What is the Simple Explanation for Radians and Trigonometric Functions?

[somebodyelse5]

Im currently in Calc II and am finding myself totally lost when it comes to solving things like sin(pi/3) and trig of that nature. I am very reliant on my calculator and am extremely fond of degrees, but I NEED to be able to find the definite integral of cos(x) from 0 to (pi/3) and problems that are similar. I was hoping that someone could help explain how this works. Its something I really should know how to do, but I don't know where else to go to learn.

Thanks in advance guys.

 

[Integral]

In general you will get more useful answers if you ask a specific question.

Can you narrow it down a bit?
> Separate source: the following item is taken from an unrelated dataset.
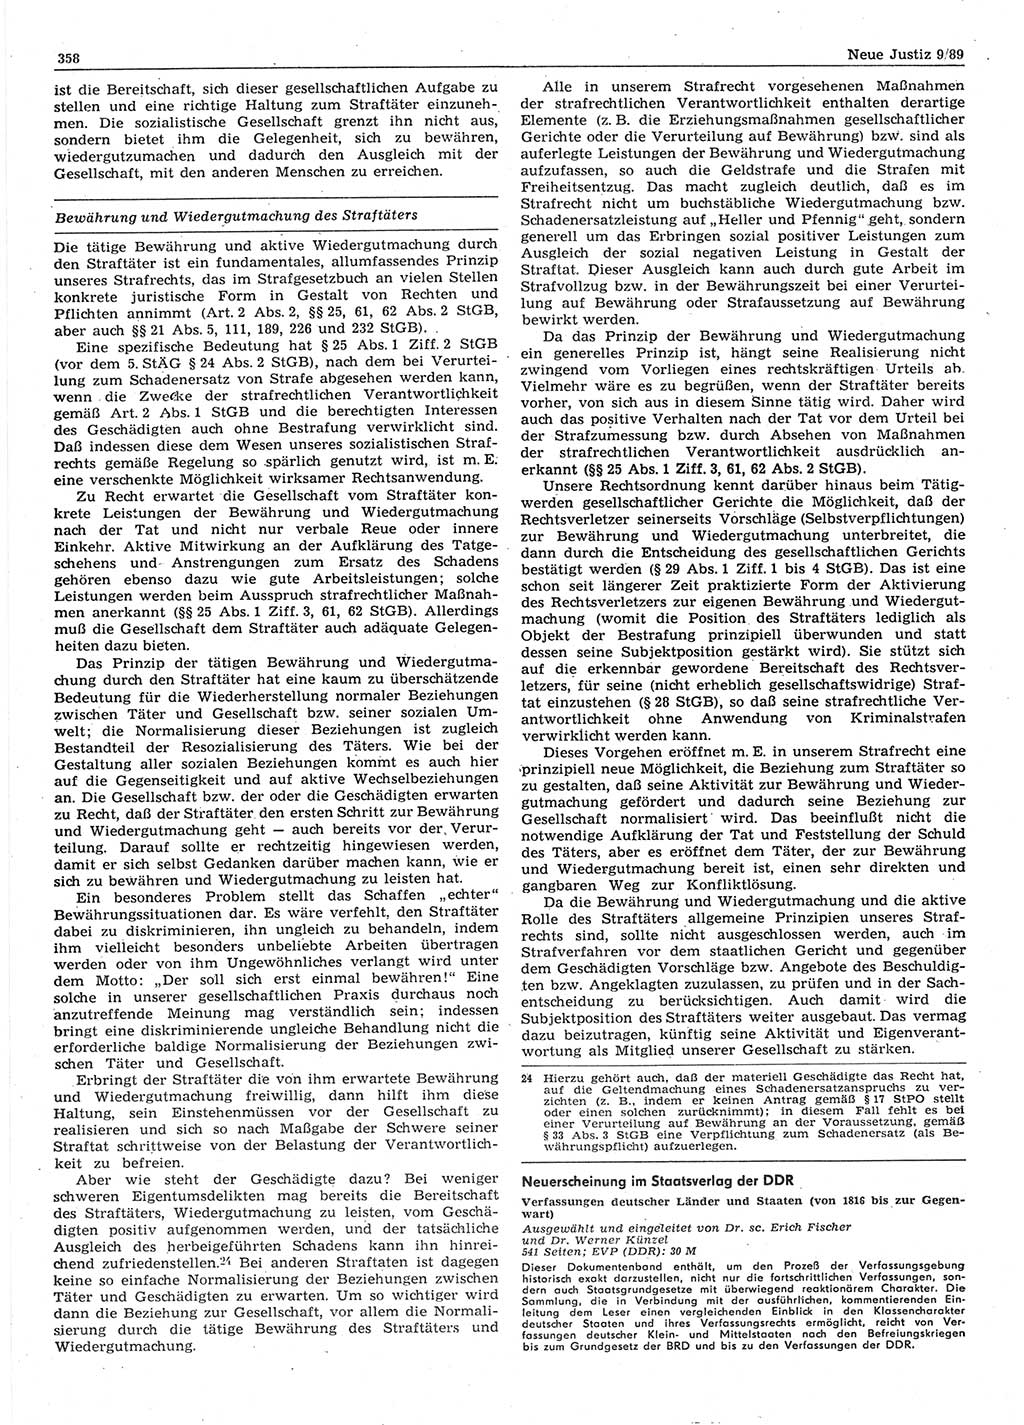 Neue Justiz (NJ), Zeitschrift für sozialistisches Recht und Gesetzlichkeit [Deutsche Demokratische Republik (DDR)], 43. Jahrgang 1989, Seite 358 (NJ DDR 1989, S. 358)

Just what is that you are having trouble with?

 

[somebodyelse5]

In general you will get more useful answers if you ask a specific question.

Can you narrow it down a bit? Just what is that you are having trouble with?

Sorry about that. Basically I have absolutely no idea how to evaluate an expression like sin(pi/3) without using my calculator. Would someone be able to explain to me how to do this?

I know that the answer is sqrt(3)/2 but I do not know how to do this without using my calculator.

 

[Bohrok]

You should memorize the values of sine, cosine, and tangent for common angles which you can see here
http://upload.wikimedia.org/wikipedia/commons/c/c9/Unit_circle_angles.svg

This should also be helpful for memorizing the values of sine and cosine in the first quadrant
http://en.wikipedia.org/wiki/Trig_i...monic_for_certain_values_of_sines_and_cosines

 

[somebodyelse5]

You should memorize the values of sine, cosine, and tangent for common angles which you can see here
http://upload.wikimedia.org/wikipedia/commons/c/c9/Unit_circle_angles.svg

This should also be helpful for memorizing the values of sine and cosine in the first quadrant
http://en.wikipedia.org/wiki/Trig_i...monic_for_certain_values_of_sines_and_cosines

Thanks! For the unit circle, the points (x,y)

does x correspond with cos and y correspond with sin? How does that part work?

 

[Bohrok]

Thanks! For the unit circle, the points (x,y)

does x correspond with cos and y correspond with sin? How does that part work?

Yes, that's right. Wikipedia can probably explain it better than I can for now (it's getting late here)
http://en.wikipedia.org/wiki/Trigonometric_functions

 

[Anonymous217]

Yes. Basically, it's SOH CAH TOA, in which case H, the hypotenuse, is 1 for unit circles. This makes sin(theta) dependent on the y value, cos(theta) dependent on the x value, and etc. I'm a bit curious why you've haven't learned this before calc.

 

[sponsoredwalk]

There's very little you need to do when thinking about these things luckily.

pi/3 is the same as 180°/3 = 60°.

I find it immensely easier to think in this way, so sin(60°)= (√3/2)

The reason I know this is from using SOH, CAH, TOA on the famous 30°, 60° & 90° triangles.
http://www.youtube.com/watch?v=Qwet4cIpnCM&feature=PlayList&p=26812DF9846578C3&playnext_from=PL

http://en.wikipedia.org/wiki/Special_right_triangles



\int_{0}^{ \frac{ \pi }{3}} cos(x)\,dx \ = \ sin( \frac{\pi}{3}) \ - \ sin(0) \ = \ \frac{ \sqrt{3} }{2}

Try doing it this way until you intuitively get that pi/3 = 60°, pi/4 = 45° etc... and don't be afraid to draw and redraw the 30°, 60°, 90° triangles in a margin so that you don't have to memorize everything, you can recall all of them with no hassle this way.

 

[HallsofIvy]

To find sin(30)= sin(\pi/6) or sin(60)= sin(\pi/3) and the cosines, think of an equilateral triangle. If you drop a perpendicular from one vertex to the opposite side, it bisects that opposite side. Now you have two right triangles with angles of 30 degrees= \pi/6 radians and 60 degrees= \pi/3 radians. If each side of the equilateral triangle, and the hypotenuse of each right triangle, was 1, the side opposite the 30 degree angle has length 1/2 and, by the Pythagorean theorem, the side opposite the 60 degree angle is \sqrt{3}/2. Now, you can calculate all trig functions from the definitions.

For 45 degrees= \pi/4, use an isosceles right triangle with legs of length 1. The hypotenuse has length \sqrt{2}.